This cross-sectional study aimed to explore the association between serum podoplanin levels and UC severity, as well as its potential role in coagulation and inflammation. By elucidating these relationships, we hope to provide new insights into the pathophysiology of UC and identify potential biomarkers for disease monitoring and therapeutic targeting. Understanding the role of podoplanin in patients with UC could pave the way for novel therapeutic strategies aimed at modulating inflammation and coagulation in this debilitating disease.

Methods

Study Population

A total of 209 patients with ulcerative colitis (UC) were recruited from the Department of Gastroenterology of our hospital between January 2021 and June 2024. The diagnosis of UC was established according to the 2017 European Society for Clinical Nutrition and Metabolism (ESPEN) guidelines,⁹ based on clinical symptoms (abdominal pain, diarrhea, bloody stools, recurrent episodes, and excessive bowel sounds) and colonoscopic findings (vascular pattern loss, mucosal texture changes, purulent exudates, and intestinal wall sclerosis). The inclusion criteria were as follows: (1) age ≥ 18 years, (2) first-time diagnosis of UC, and (3) availability of complete clinical data. The exclusion criteria were as follows: (1) presence of other systemic inflammatory or infectious diseases, (2) family history of UC, (3) history of colorectal surgery, (4) abnormal liver or kidney function or impaired coagulation, (5) autoimmune diseases, and (6) history of malignancy. The control group comprised age- and sex-matched healthy individuals who underwent routine physical examinations. The study was approved by the Ethics Committee of our hospital, and all participants provided informed consent prior to participation. The overall study design is illustrated in Figure 1.

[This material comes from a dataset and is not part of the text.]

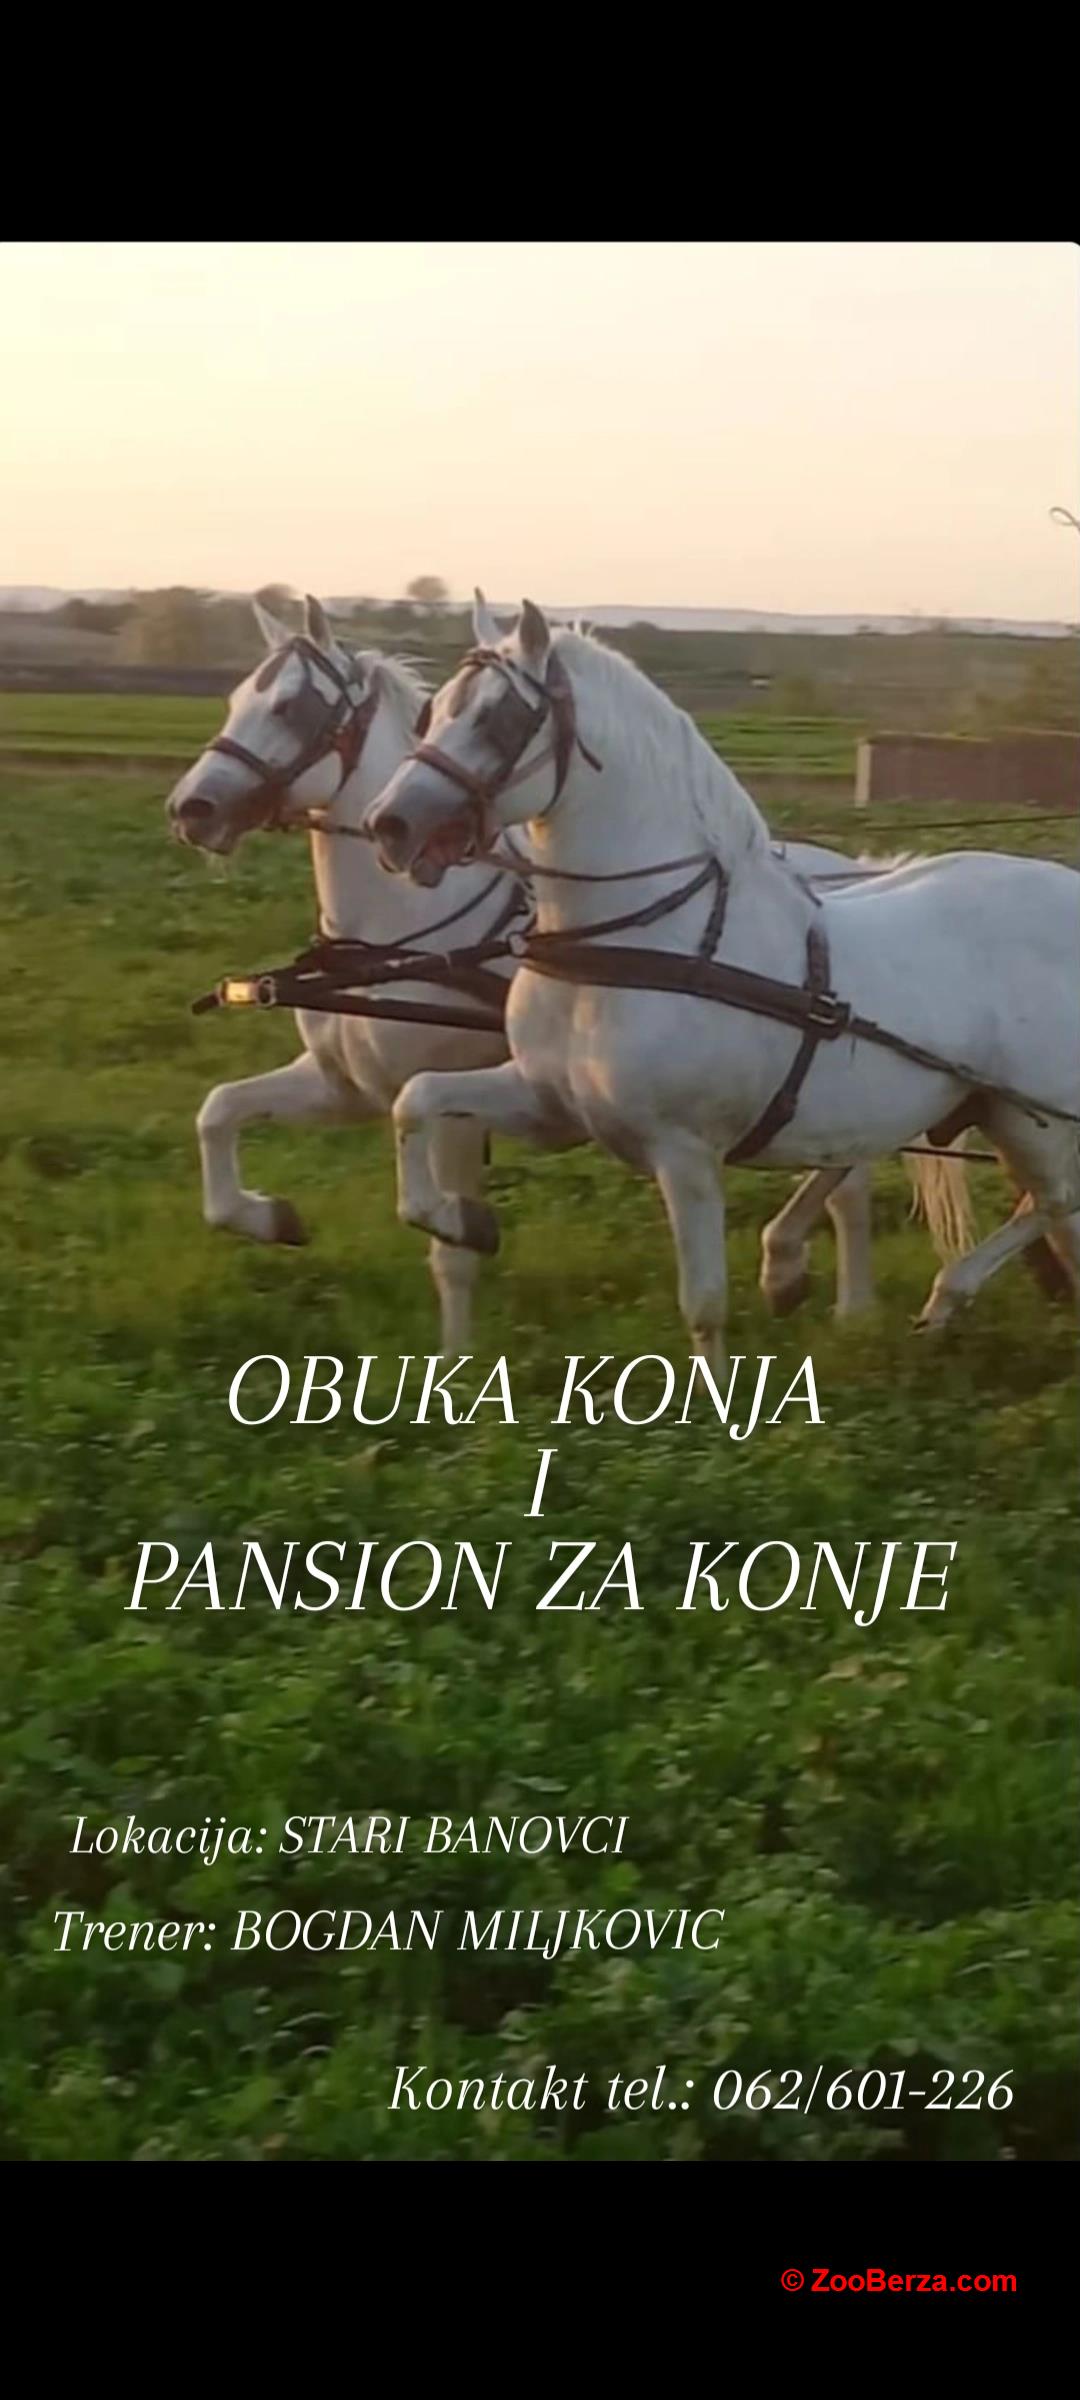 Obuka i pansion za konje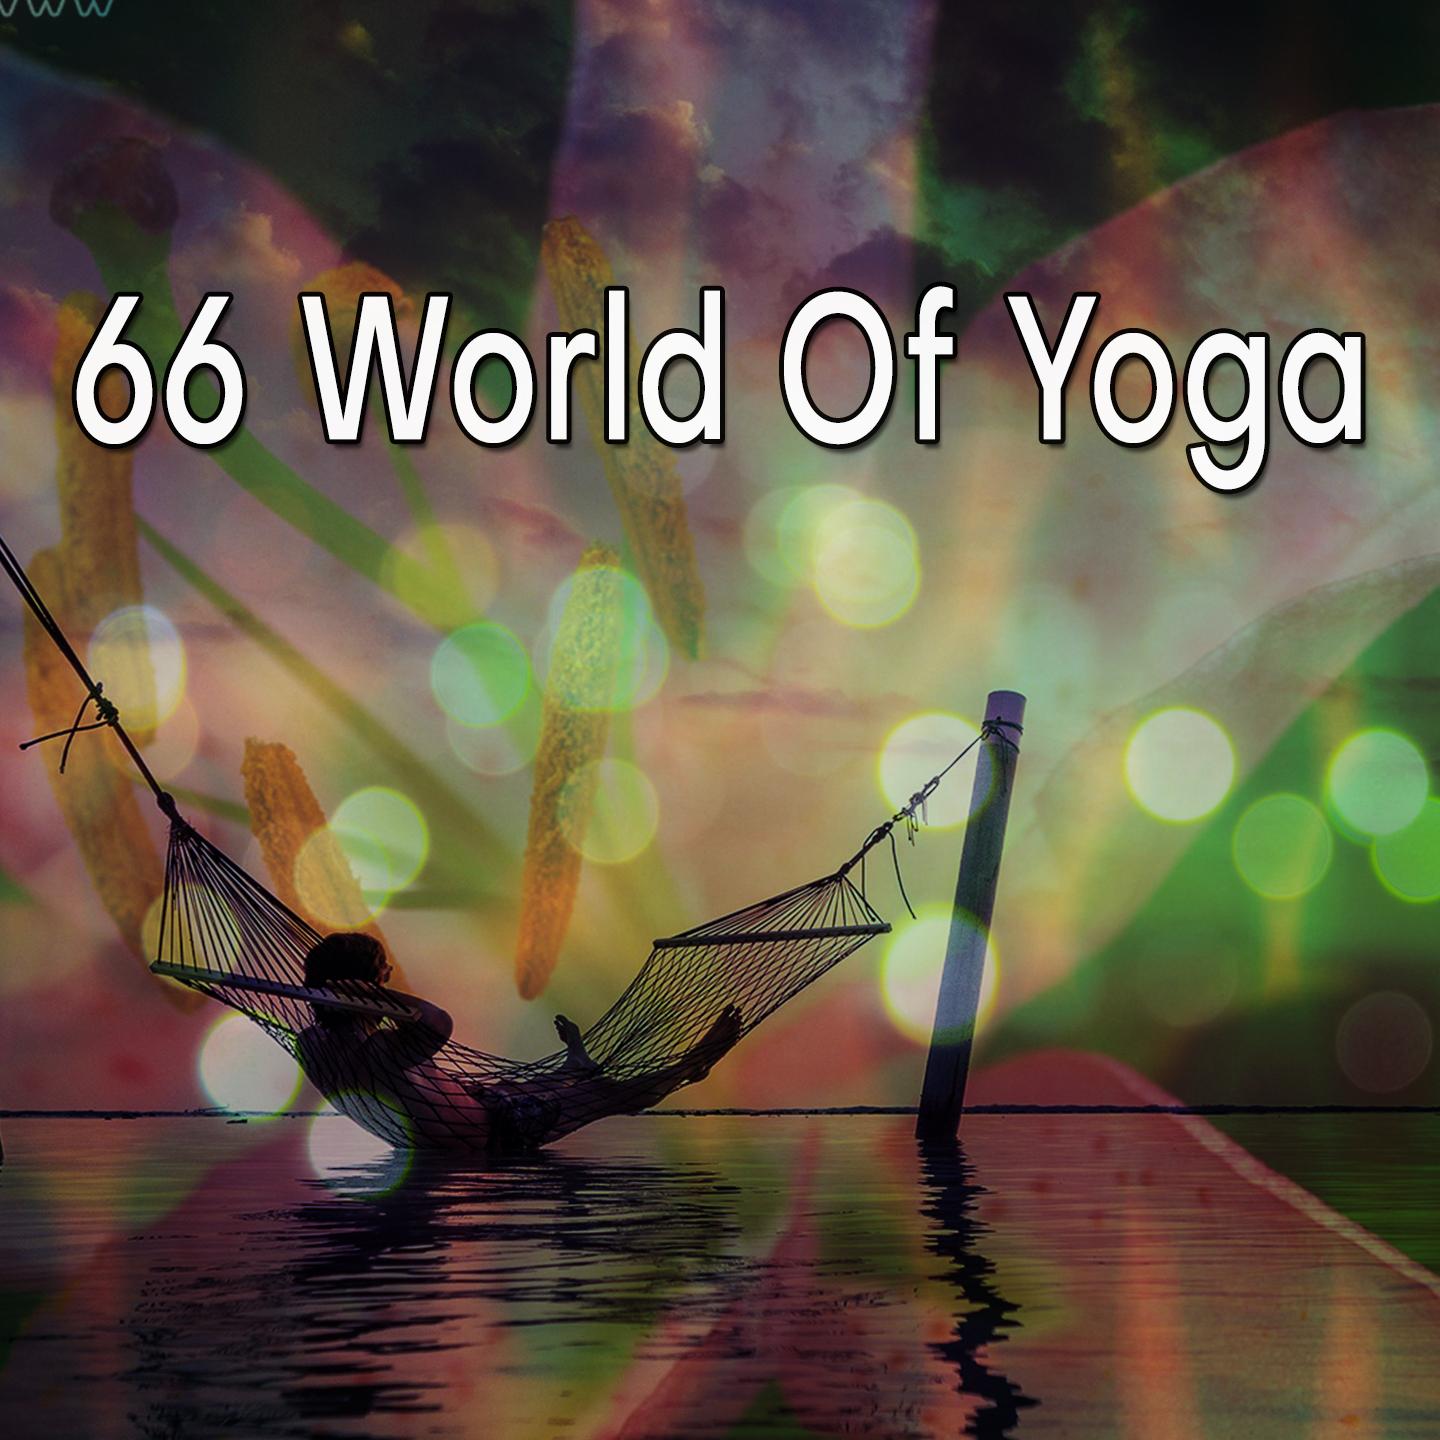 66 World of Yoga

Figure 1 Research framework diagram.

Podoplanin Expression Analysis in Different Human Tissues

To investigate the abundance of podoplanin expression across different human tissues, we queried the publicly available gene expression database BioGPS (http://biogps.org/). BioGPS compiles gene expression profiles from a wide range of human tissues and cell types based on microarray data primarily sourced from the GeneAtlas U133A dataset. The expression levels of podoplanin (Affymetrix probe ID: 203798_at) were retrieved and analyzed to identify tissues with relatively high or low transcript abundances.¹⁰

Severity Assessment of Disease

The disease severity of patients with UC were evaluated using the modified Mayo scoring system, which includes four items: rectal bleeding, frequency of bowel movements, physician evaluation, and endoscopic condition, with scores ranging from 0 to 3 for each item and a total score of 0 to 12. A score of 0–2 indicates clinical remission, while a score greater than 2 indicates the active phase, with 3–5 points indicating a mild active phase, 6–10 points indicating a moderate active phase, and 11–12 points indicating a severe active phase. A higher score indicates a more severe condition.¹¹

Data Collection

Demographic and clinical characteristics were collected from each patient, including age, sex, and body mass index (BMI). Venous blood was obtained and measured within 24h after admission (fasting). Hemoglobin, white blood cell (WBC), platelet, erythrocyte sedimentation rate (ESR), and C-reactive protein (CRP) levels were measured using an automatic biochemical analyzer (Beckman Coulter). D-dimer and fibrinogen levels were measured using an automated coagulation analyzer.

ELISA Assay

The collected fasting blood samples were centrifuged to separate the serum and stored in a refrigerator at −80°C. Serum biomarker levels in control subjects and patients with UC were measured using ELISA kits for Interleukin-1 beta (IL-1β; DLB50, R&D Systems), Interleukin-6 (IL-6; D6050B, R&D Systems), Interleukin-17A (IL-17A; D1700, R&D Systems), Tumor necrosis factor-alpha (TNF-α; DTA00D, R&D Systems), and podoplanin (BK-F98706, Shanghai Boke Biotechnology Co., Ltd).

Statistical Analysis

All statistical analyses were performed using SPSS software (version 20.0). Data are presented as mean ± standard deviation (SD) for continuous variables and as frequency (percentage) for categorical variables. The differences between the three groups were compared using one-way analysis of variance, followed by Tukey’s post-hoc test. The associations between categorical variables were assessed using the chi-square or Fisher exact test. The correlations between podoplanin and other continuous variables were evaluated using Pearson’s correlation analysis. The diagnostic value of podoplanin was assessed using ROC analysis to distinguish between remission and active UC. Statistical significance was set at *p< 0.05, **p<0.01, ***p<0.001.

Results

Demographic Characteristics of the Study Population

The investigation used a comprehensive method to compare patients with remission-UC (n=115) and active-UC (n=94) with healthy controls (n=150). The results from the one-way ANOVA analysis indicated that remission-UC and active-UC patients exhibited significantly higher levels of various health indicators, WBC, platelet, ESR, D-Dimer, Fibrinogen, CRP, IL-1β, IL-6, IL-17A, and TNF-α compared to healthy controls. In contrast, BMI and hemoglobin levels were significantly lower (p<0.05), as shown in Table 1. However, there were no significant differences in age and sex between healthy controls and either remission or active UC patients (p>0.05).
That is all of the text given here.